INFORMATION PROVIDED |
- - - -
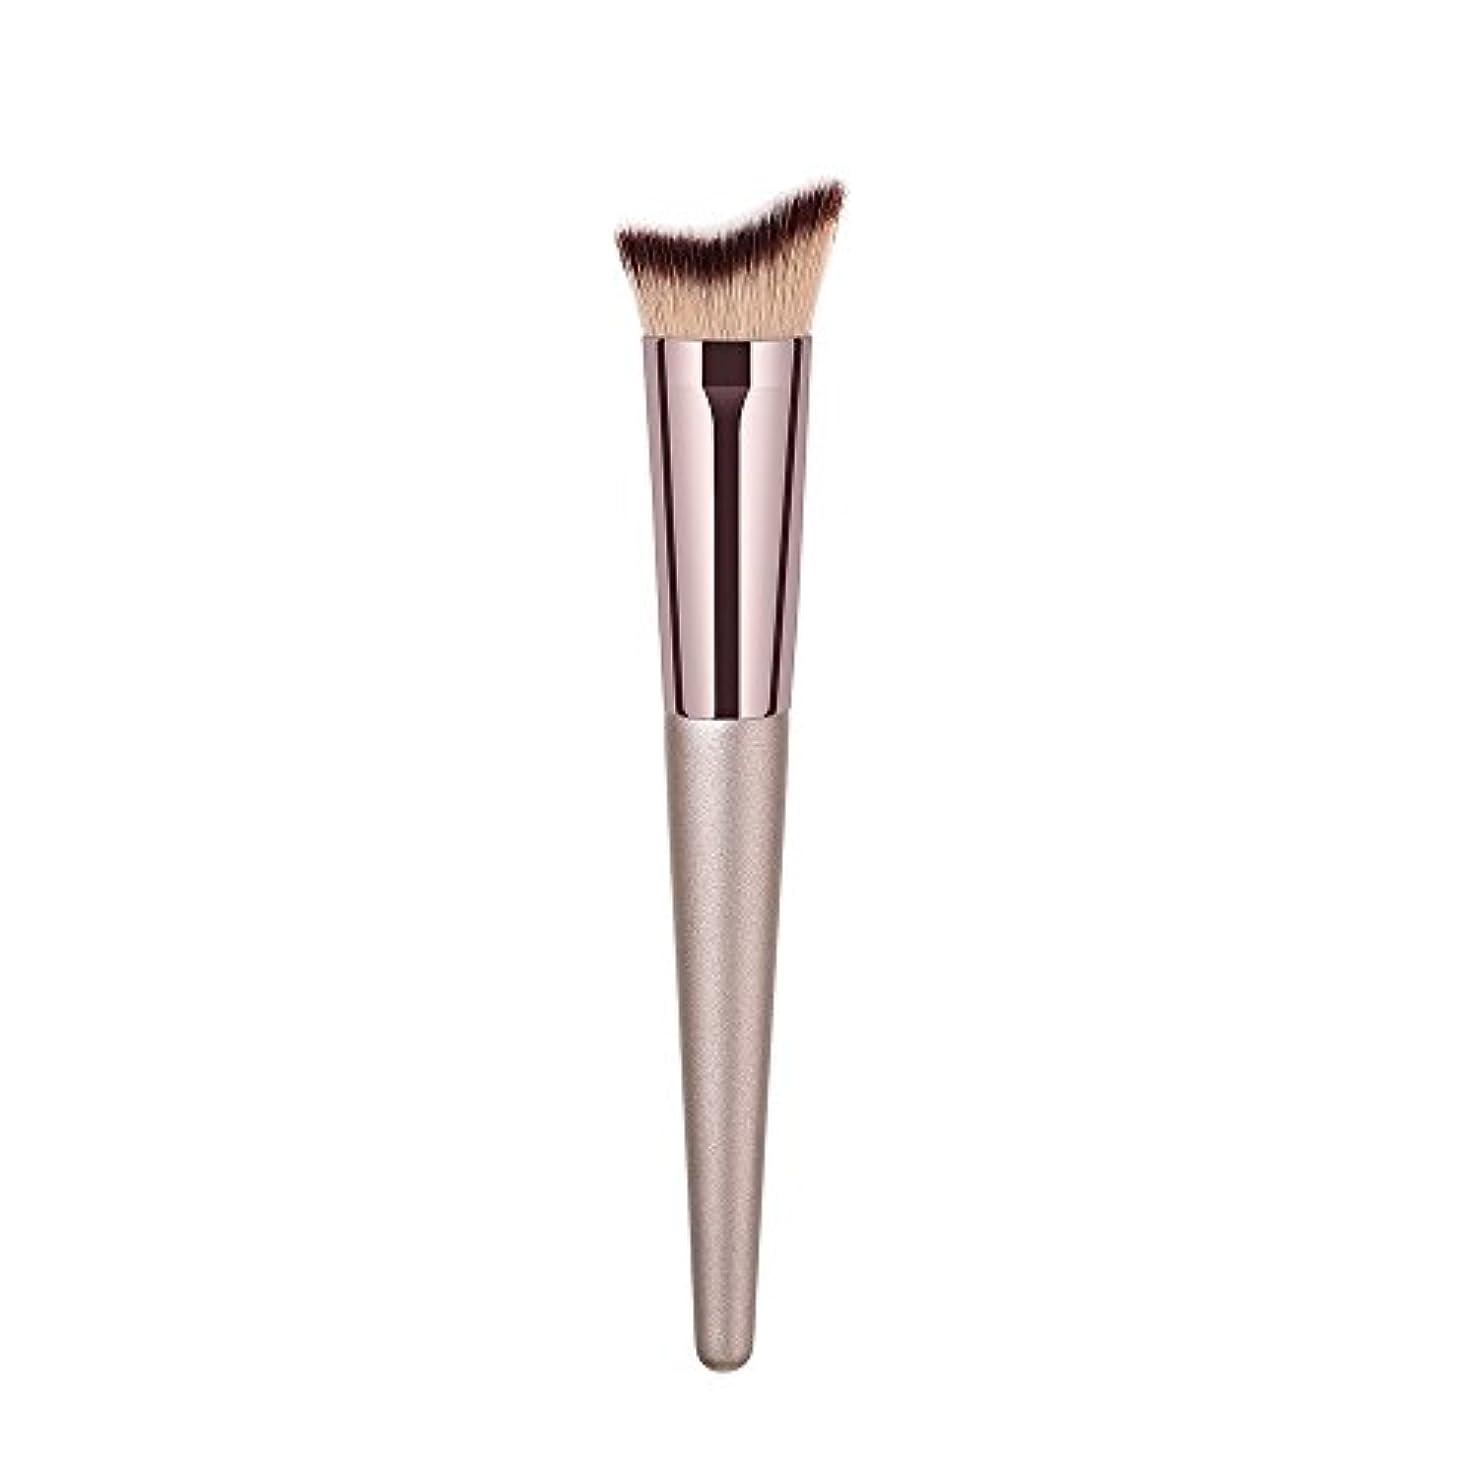 笑え熊 化粧筆 化粧品 ZZ-10-A-1 スポンジ タクロン ブラシ チーク ファンデーションブラシ フェイスブラシ 高級毛質
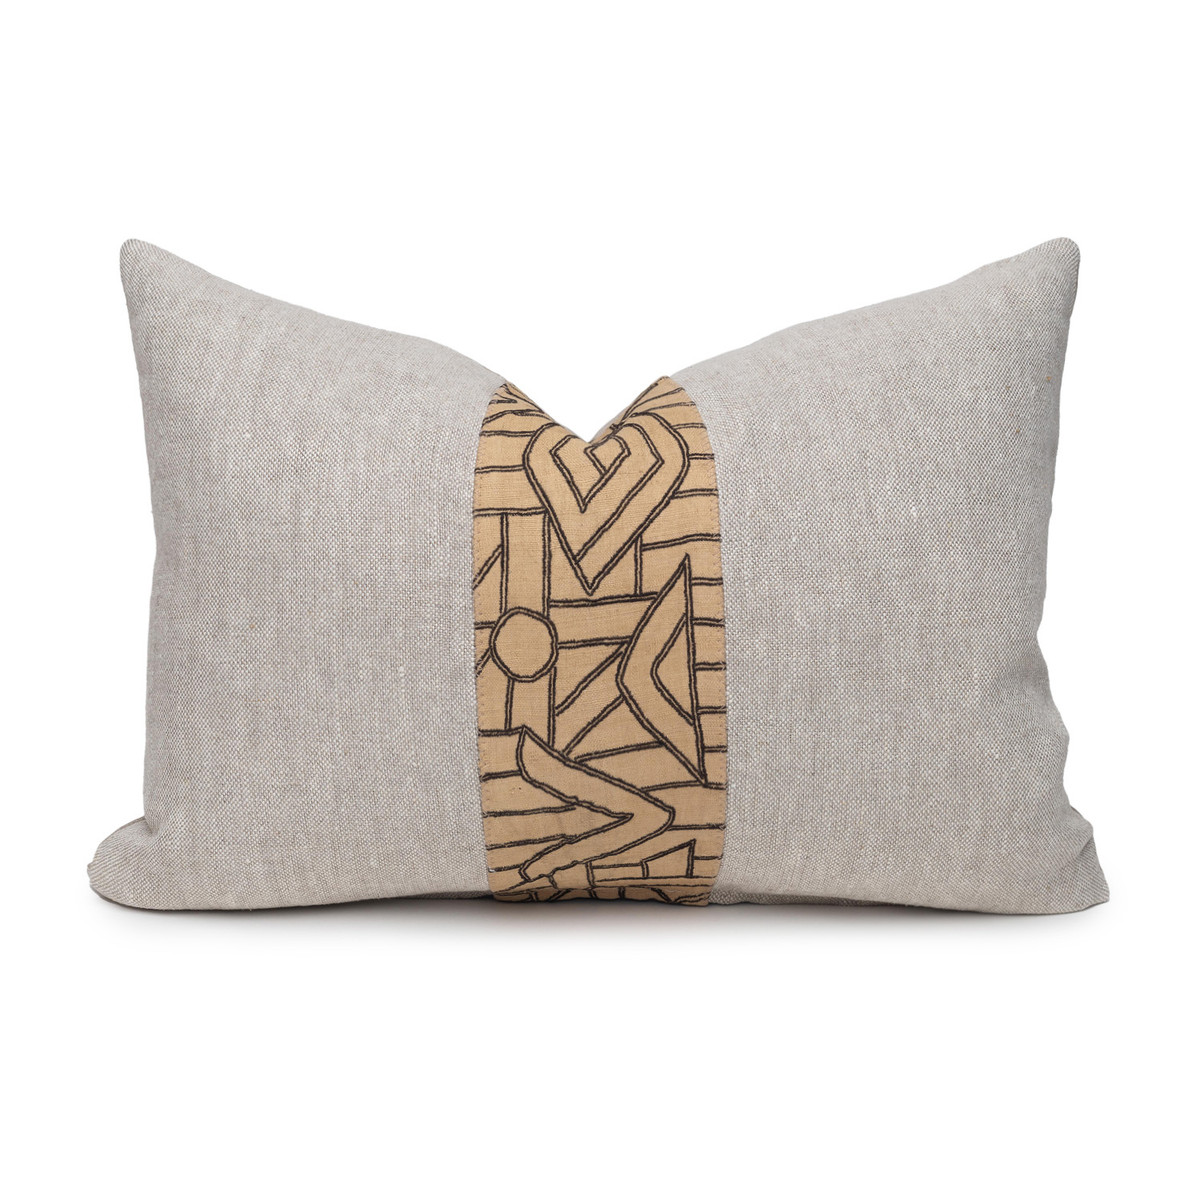 Kuba Natural Linen and Aso Oke Lumbar Pillow - 1622- Front View
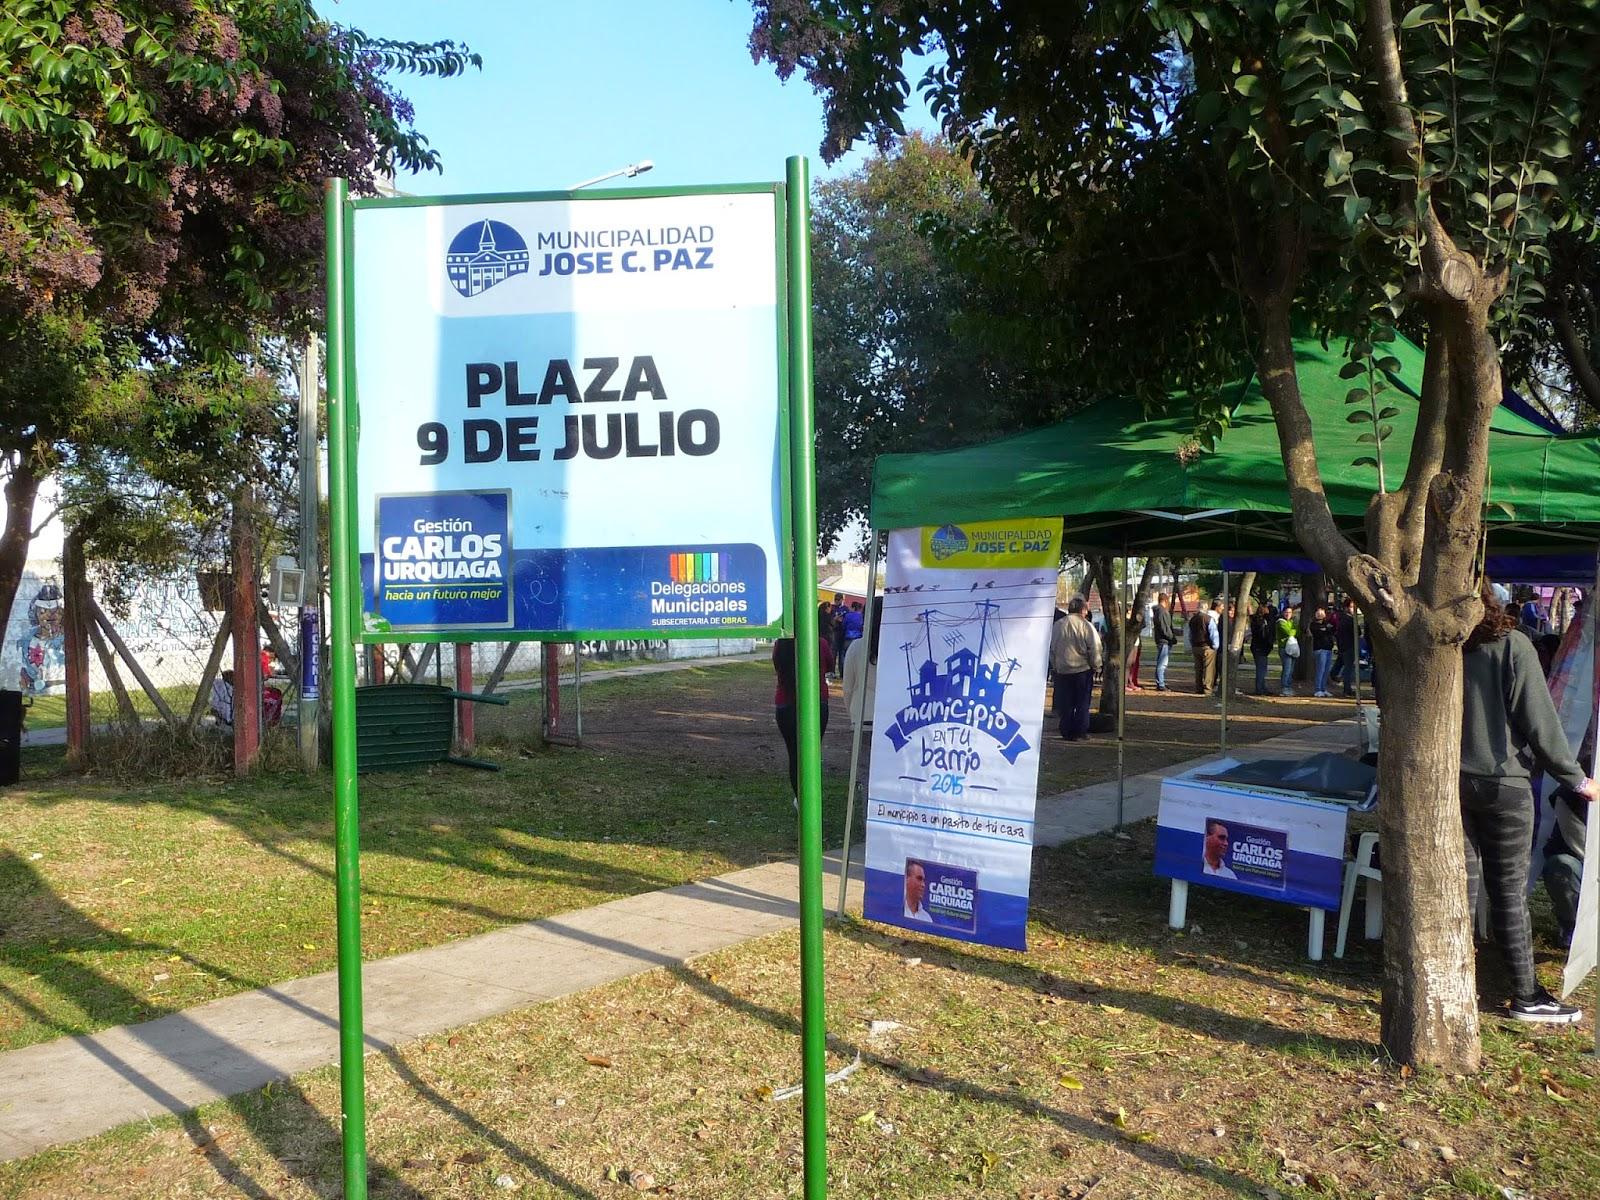 Prensa Municipalidad Jos C Paz El Municipio En Los
- - - -
TASK STATEMENT |
Print the listing exactly, minus its pictures.

FINISHED TASK |
 笑え熊 化粧筆 化粧品 ZZ-10-A-1 スポンジ タクロン ブラシ チーク ファンデーションブラシ フェイスブラシ 高級毛質
 Kuba Natural Linen and Aso Oke Lumbar Pillow - 1622- Front View
 Prensa Municipalidad Jos C Paz El Municipio En Los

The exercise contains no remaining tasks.